Description: Abstract 4076 Purpose: Despite recent advances in the use of newly developed drugs, high-risk multiple myeloma (MM) patients harboring del13q, t(4;14) or del17p revealed significantly shorter survival. To overcome the limitation, we have screened forty synthetic anilinoquinazoline (AQ) derivatives, and found a novel compound, Q15, which significantly inhibited the growth of MM cell lines with high-risk chromosomal abnormalities. The purpose of this study is to examine anti-tumor and anti-osteoclastogenic activities of Q15 and to clarify the possibility of development of new drug effective for high-risk MM and bone diseases. Methods and Results: Forty AQ derivatives were synthesized and screened for anti-proliferative effect on KMS34 cells. Q15 strongly inhibited growth of t(4;14)-positive KMS34 cells and induced apoptosis in much lower concentration (IC50=78nM) compared with gefitinib (IC50=2500nM), a representative AQ. Q15 also inhibited growth of other MM cell lines harboring high-risk chromosomal abnormalities. It was also found that Q15 did not inhibit intracellular tyrosine phosphorylation induced by EGF, FGF-2, HGF and IL-6, suggesting that Q15 showed anti-tumor activity in a different mechanism from that of gefitinib. In vivo anti-myeloma activity was evaluated by intraperitoneal injection of Q15 into KMS34-bearing lcr/SCID mice. Twenty mg/kg Q15 significantly delayed the tumor growth in these mice. Histopathological examinations revealed apoptosis of MM cells in Q15-treated mice. Growth of colony-forming cells was not suppressed by much higher concentrations (25μ M) of Q15 than IC50, suggesting low hematopoietic toxicity of Q15. In pharmacokinetic study using high-performance liquid chromatography (HPLC), the plasma concentration of Q15 in mice reached a maximum (Cmax=4.5μ M) at 1.5hr after injection, and its half life (T1/2) was 4.5hr. In addition, anti-osteoclastogenic activity was also examined by adding Q15 to M-CSF/RANK ligand-induced osteoclastogenic culture of bone marrow mononuclear cells from C57BL/6JJcl mice.
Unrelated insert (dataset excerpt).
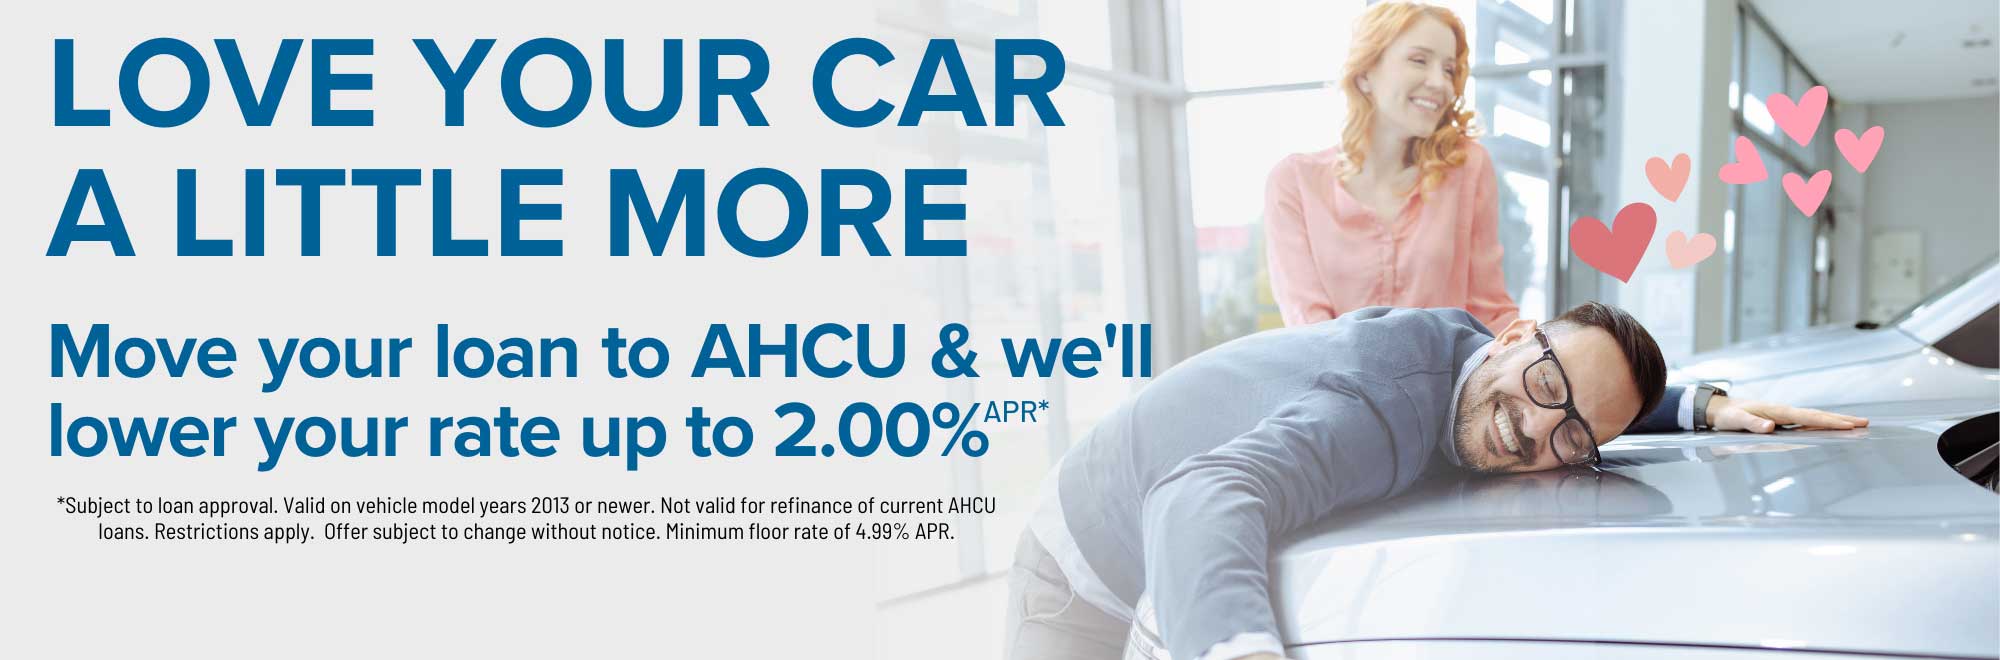 Move your loan to AHCU and we'll beat your current rate by up to 2.00% APR. Subject to approval. Models 2013 or newer. Restrictions apply. Minimum floor rate 4.99% APR.

The number of tartrate-resistant acid phosphatase (TRAP)-positive multinucleated osteoclasts was reduced in the presence of Q15. Conclusion: Q15, a novel AQ derivative, has anti-MM activity in vivo and is a potentially safe and effective drug for high-risk MM with bone lesions. Disclosures: No relevant conflicts of interest to declare.